Comment 17 Andrew Crouthamel 2018-11-05 03:11:36 UTC
Dear Bug Submitter,

This bug has been stagnant for a long time. Could you help us out and re-test if the bug is valid in the latest version? I am setting the status to NEEDSINFO pending your response, please change the Status back to REPORTED when you respond.

Thank you for helping us make KDE software even better for everyone!
Comment 18 Andrew Crouthamel 2018-11-17 04:54:47 UTC
Dear Bug Submitter,

This is a reminder that this bug has been stagnant for a long time. Could you help us out and re-test if the bug is valid in the latest version?
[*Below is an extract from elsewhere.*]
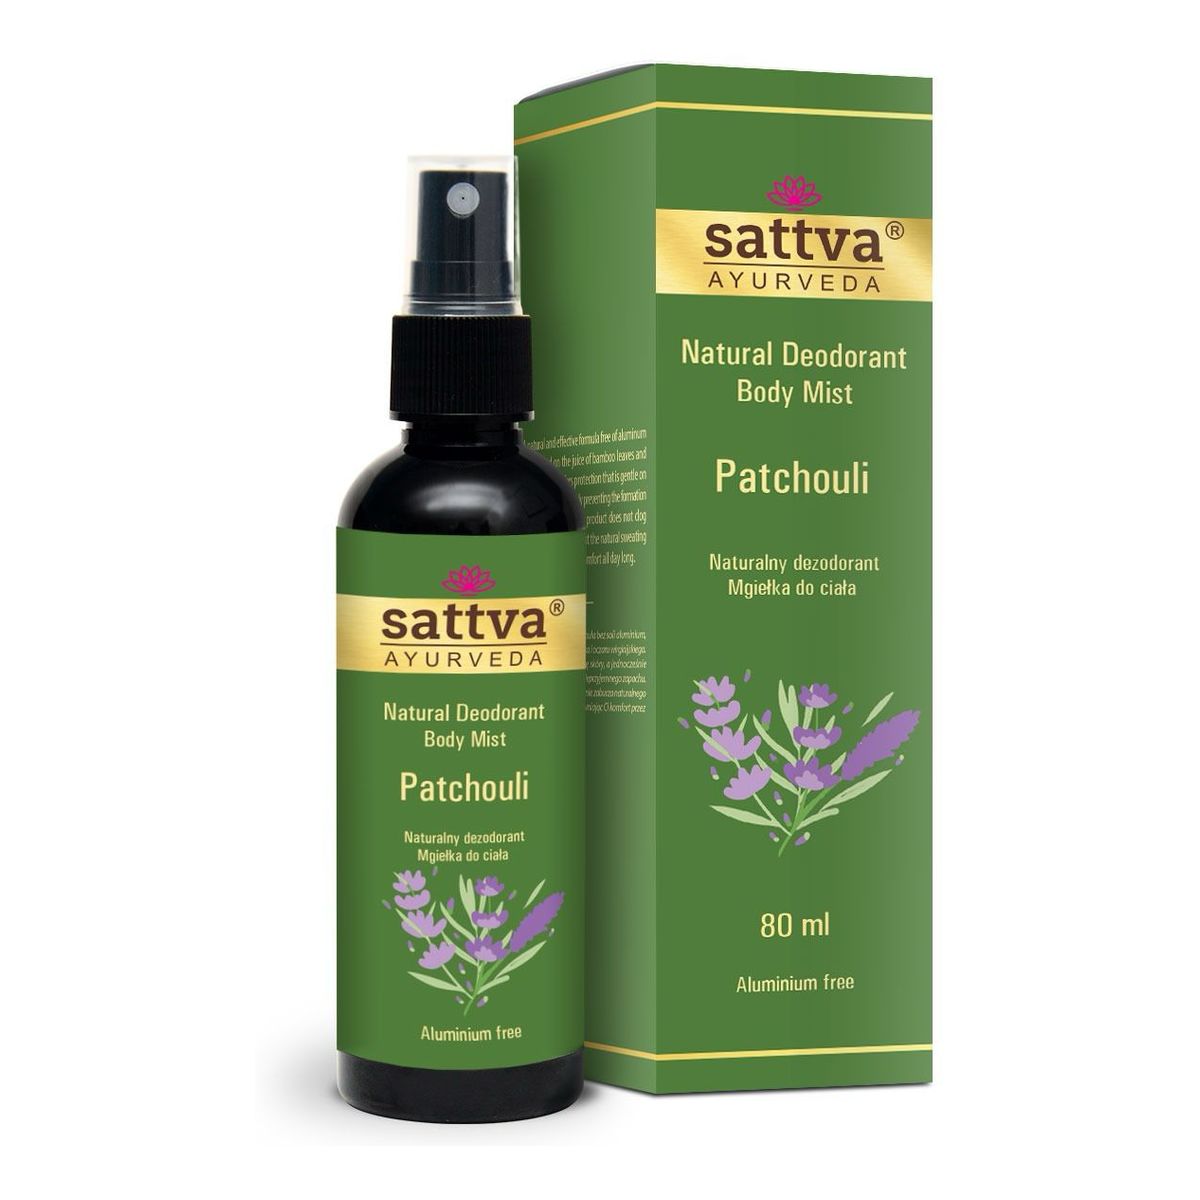 Sattva Natural Deodorant Body Mist naturalny Dezodorant w formie mgiełki do ciała patchouli 80ml

This bug will be moved back to REPORTED Status for manual review later, which may take a while. If you are able to, please lend us a hand.

Thank you for helping us make KDE software even better for everyone!
Comment 19 Justin Zobel 2022-12-14 03:09:04 UTC
Thank you for reporting this issue in KDE software. As it has been a while since this issue was reported, can we please ask you to see if you can reproduce the issue with a recent software version?
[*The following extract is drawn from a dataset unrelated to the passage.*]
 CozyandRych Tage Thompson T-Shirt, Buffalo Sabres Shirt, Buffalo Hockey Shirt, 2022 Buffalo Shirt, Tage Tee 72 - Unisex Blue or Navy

If you can reproduce the issue, please change the status to "REPORTED" when replying. Thank you!
Comment 20 Bug Janitor Service 2022-12-29 05:22:41 UTC
Dear Bug Submitter,

This bug has been in NEEDSINFO status with no change for at least
15 days. Please provide the requested information as soon as
possible and set the bug status as REPORTED. Due to regular bug
tracker maintenance, if the bug is still in NEEDSINFO status with
no change in 30 days the bug will be closed as RESOLVED > WORKSFORME
due to lack of needed information.

For more information about our bug triaging procedures please read the
wiki located here:
https://community.kde.org/Guidelines_and_HOWTOs/Bug_triaging

If you have already provided the requested information, please
mark the bug as REPORTED so that the KDE team knows that the bug is
ready to be confirmed.

Thank you for helping us make KDE software even better for everyone!
Comment 21 Bug Janitor Service 2023-01-13 05:13:34 UTC
This bug has been in NEEDSINFO status with no change for at least
30 days. The bug is now closed as RESOLVED > WORKSFORME
due to lack of needed information.

For more information about our bug triaging procedures please read the
wiki located here:
https://community.kde.org/Guidelines_and_HOWTOs/Bug_triaging

Thank you for helping us make KDE software even better for everyone!